Evolutionary narratives often overlook the halting, unpredictable nature of the process, characterized by shifts between adaptive plateaus. Dwelling types exhibit long periods of stasis punctuated by rapid change, akin to punctuated equilibrium in biology. Specialists face greater extinction risks than generalists due to their narrow adaptations.

Random processes contribute to patterns, with geographically widespread dwelling types exhibiting resilience. Environmental context and cultural interactions drive the evolution of new house types, irrespective of geographical changes. Even in stable environments, economic pressures perpetuate evolutionary dynamics in architecture.

 

 


Some ideas to think about:

  • Mosaic evolution is a concept used primarily in evolutionary biology and anthropology to describe a pattern of evolution where different traits or features of an organism evolve at different rates and times, rather than all traits evolving simultaneously or uniformly. This concept helps explain the complexity and variability observed in the evolutionary history of species.

Cave Dwelling Myth

Even today, because the narrative form is so powerful and seductive, it is hard to avoid. One of the specific characteristics of us is a love of stories, so that narrative reports of human evolution are demanded by society and even tend toward a common form. Scientists are generally aware of the influence of theory on observation, Seldom do they recognize, however, that many scientific theories are essentially narratives. There is an element in evolutionary approach that make it particularly susceptible to being cast in narrative form, both by those who tell the story and by those who listen to them. It lies in the fact that in seeking to explain the origins, we are apparently faced with a sequence of events through time that transformed a phenomenon. The description of such a sequence falls naturally into narrative form. clearly a narrative structure is more than just a story; it conform to the structure of the hero folk tale. Telling a story does not consist simply in adding episodes to one another, It consists in creating relations between events.

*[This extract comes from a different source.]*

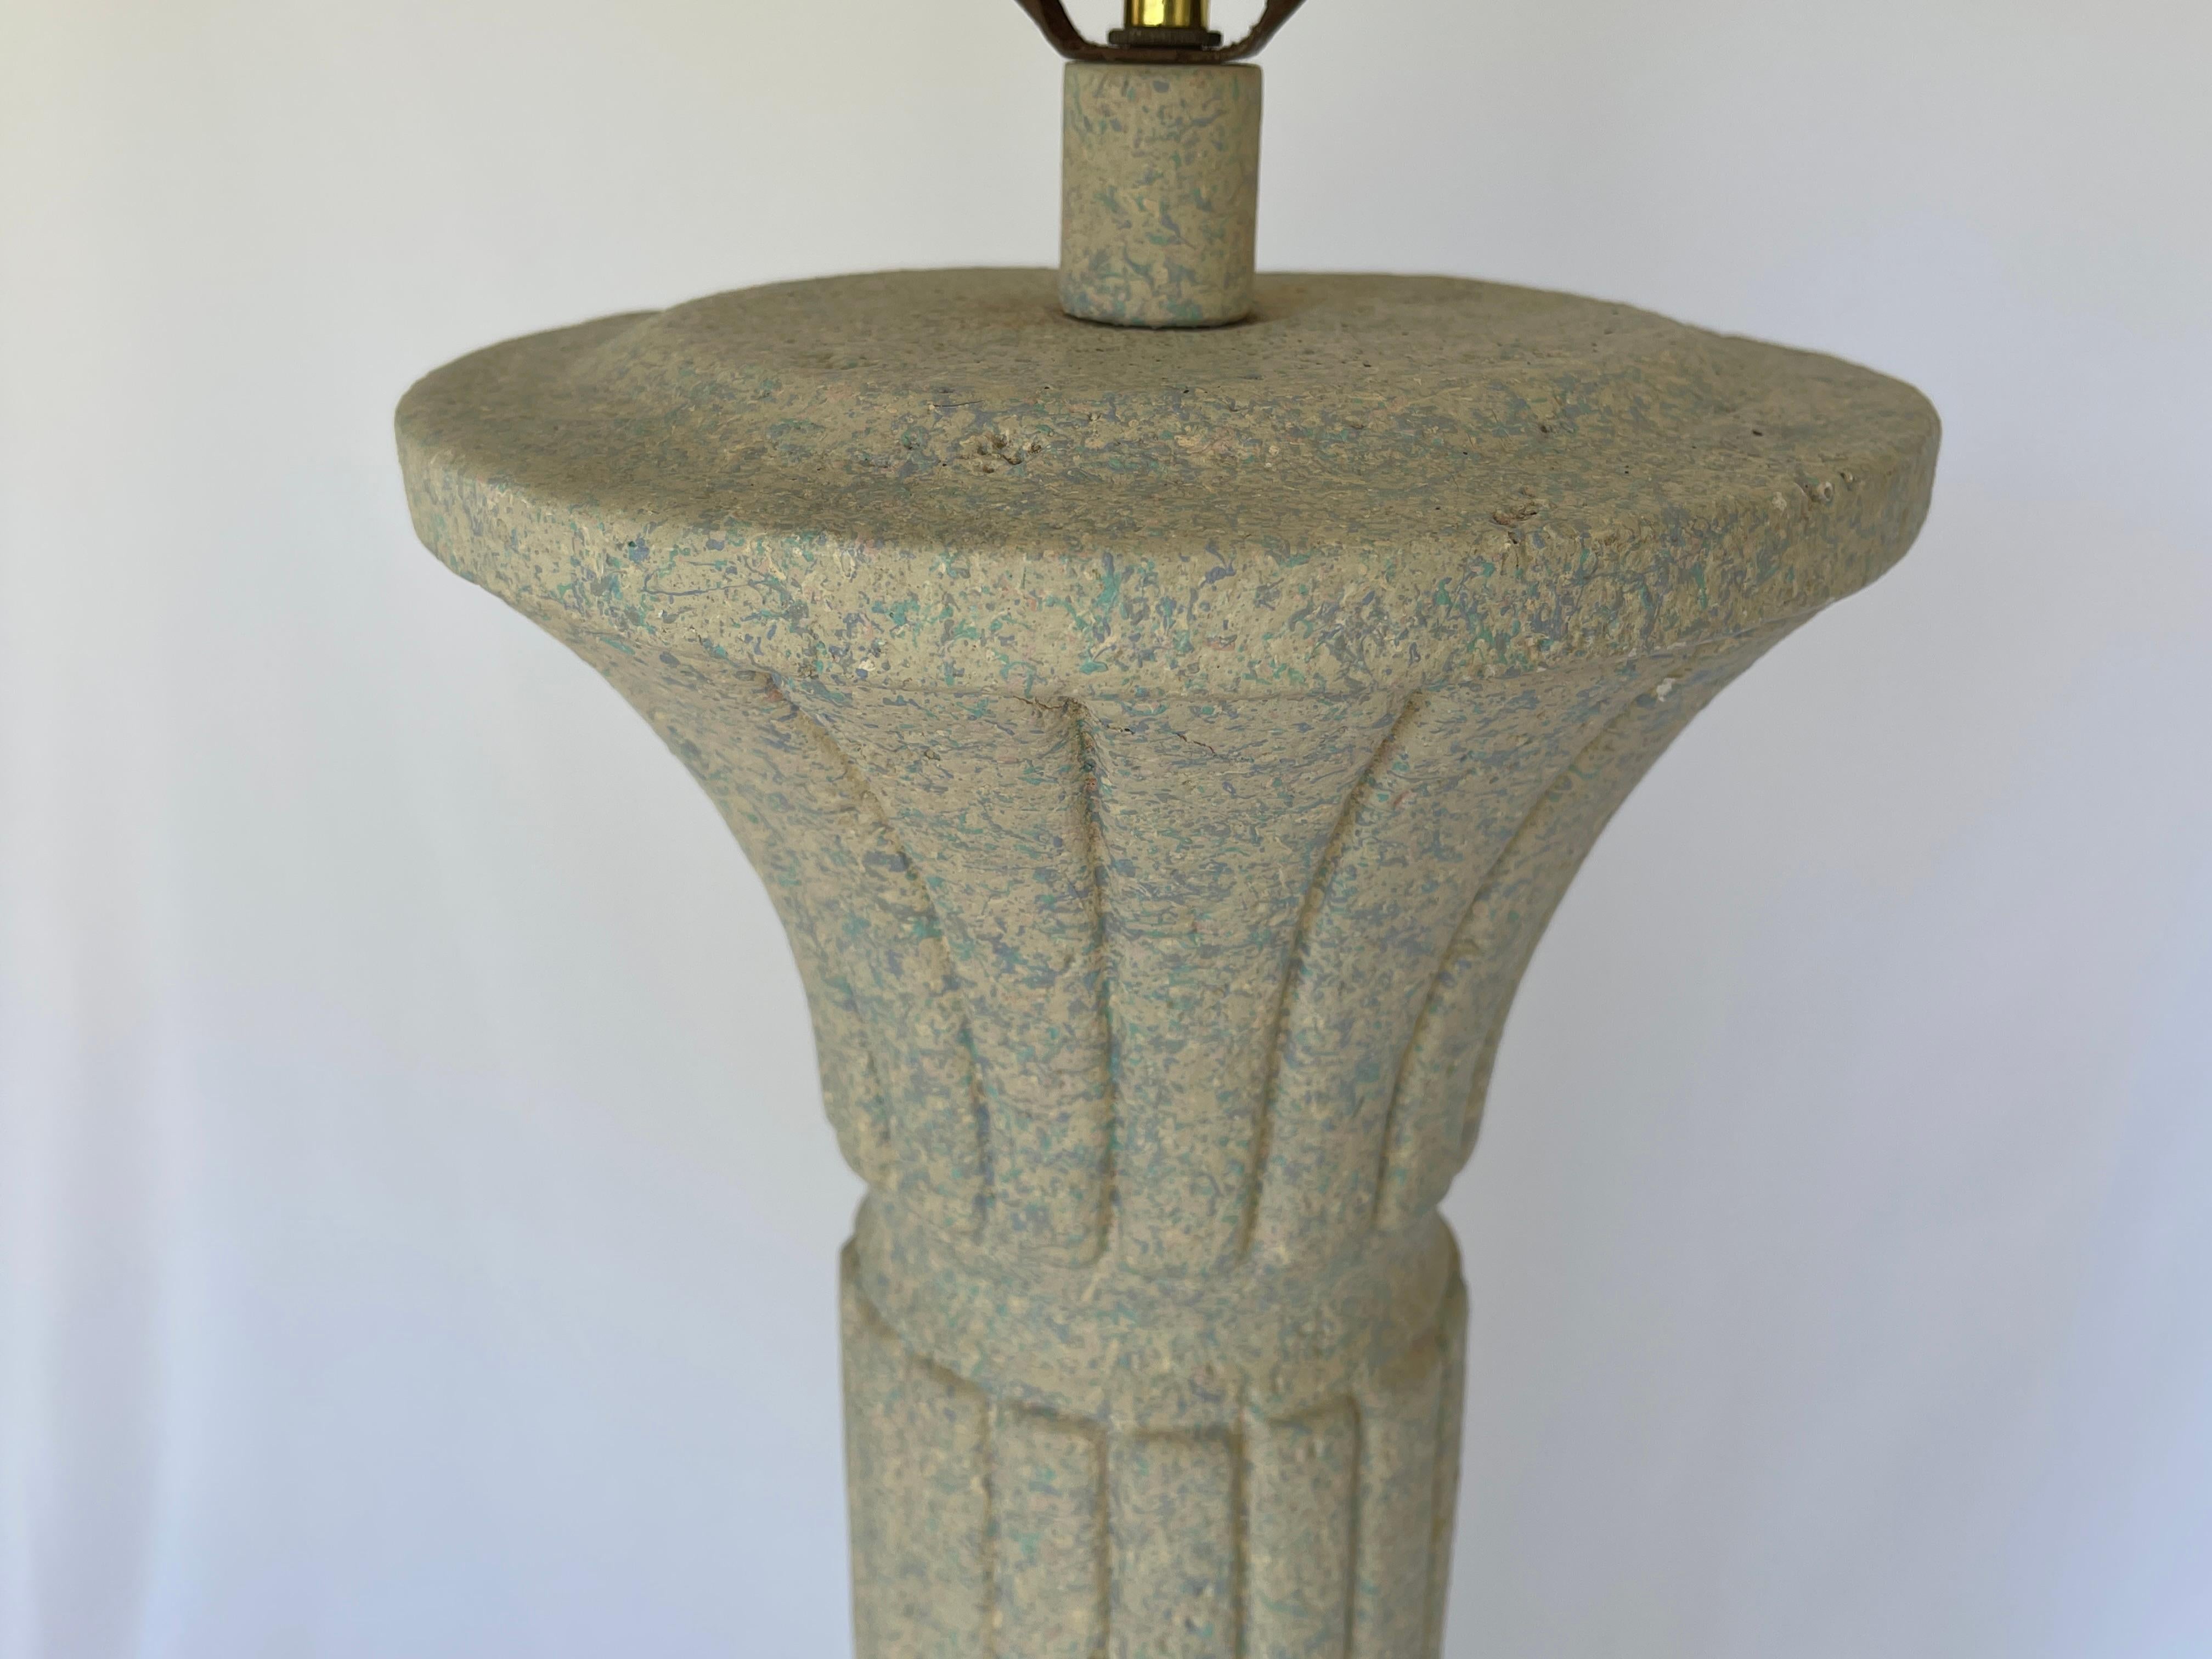 Lampadaire à colonne circulaire en plâtre de style post-moderne classique avec embout sphérique en plâtre assorti. Daté sous le côté, le 1er octobre 1993

Prehistoric men are commonly referred to in the popular media, in literature and in films as cave men, in spite of the fact that the availability of caves was limited to those mountainous areas where they existed in geological formations and where the entrances were accessible. Yet where they existed, they came to be occupied repeatedly by people from Mousterian times onward, often in competition with other inhabitants such as bears and hyenas.  If these people had shelters at all, they must have been simple structures of branches, leaves and skins which stood no chance of preservation, what we now called ephemeral dwellings. Within cave and rock shelter sites, we started to see glimmers of evidence for spatial patterns of human behavior after about 200,000 years ago.

According to archaeological findings, the groups who visited the caves were very small and were there for only short episodes. They are usually located in well-sheltered locations, offer extensive wide-angle views the valleys they overlook, and are near to sources of high-quality flint. Also, they were well-situated to function not only as shelters, but as the focus of a wide range of economic and technological activities, with many resources available within a short radius.